Nella serata cui abbiamo assistito, la “conversazione” è stata intavolata da Francesca Cola e Ambra Gatto Bergamasco, che hanno fatto dialogare, rispettivamente, danza contemporanea e danza butoh.

Le danzatrici hanno dato vita a due performance autonome, occupando spazi diversi della sala e offrendo così allo spettatore di muoversi liberamente e scegliere un proprio personale punto di vista. Le rispettive creazioni avvengono sostanzialmente in contemporanea benché in alcuni frangenti una delle due performer prenda in qualche modo il sopravvento, mentre l’altra osserva e discretamente interpreta e chiosa, secondo il proprio specifico linguaggio, i movimenti dell’altra.
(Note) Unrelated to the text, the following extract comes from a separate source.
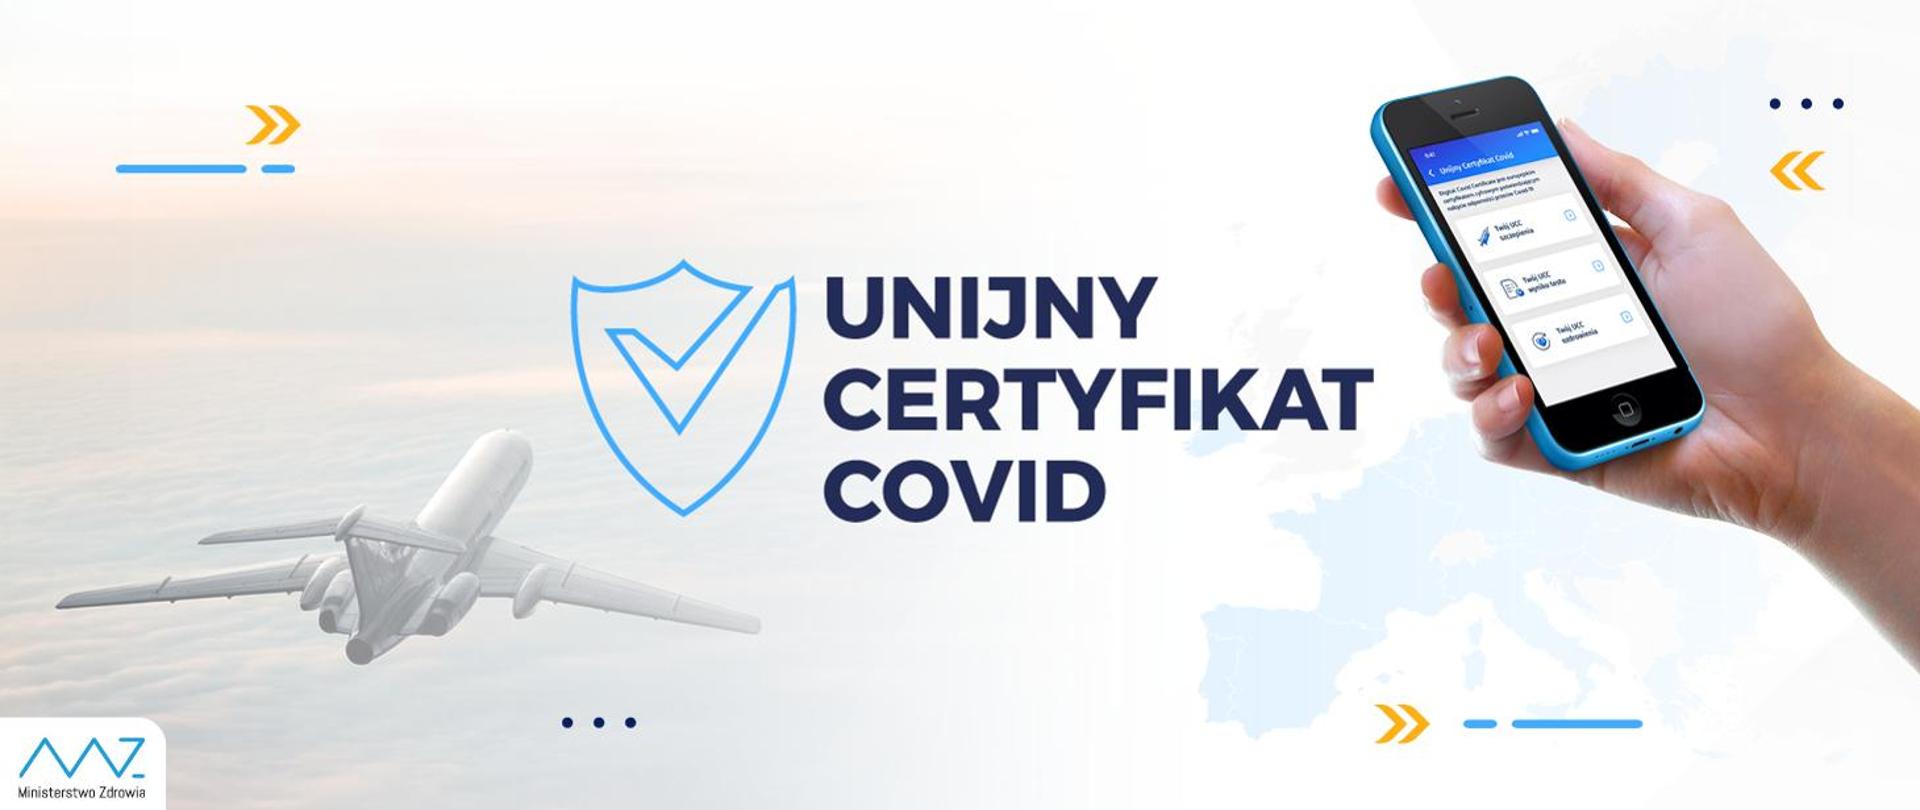 Unijny certyfikat COVID - na pierwszym planie telefon trzymany w dłoni na tle Europy. Na drugim planie lecący samolot pasażerski.

Francesca Cola legge a intervalli brani tratti da un libro che tiene fra le mani ed esegue una coreografia fluida e armoniosa, muovendosi lungamente a terra e poi in piedi, con ampi gesti delle braccia.
Ambra Gatto Bergamasco è accovacciata a terra e compie piccolissimi gesti, con i piedi e le gambe, il volto concentrato  rivolto a terra e poi a guardare, intensamente, negli occhi, gli spettatori seduti accanto a lei.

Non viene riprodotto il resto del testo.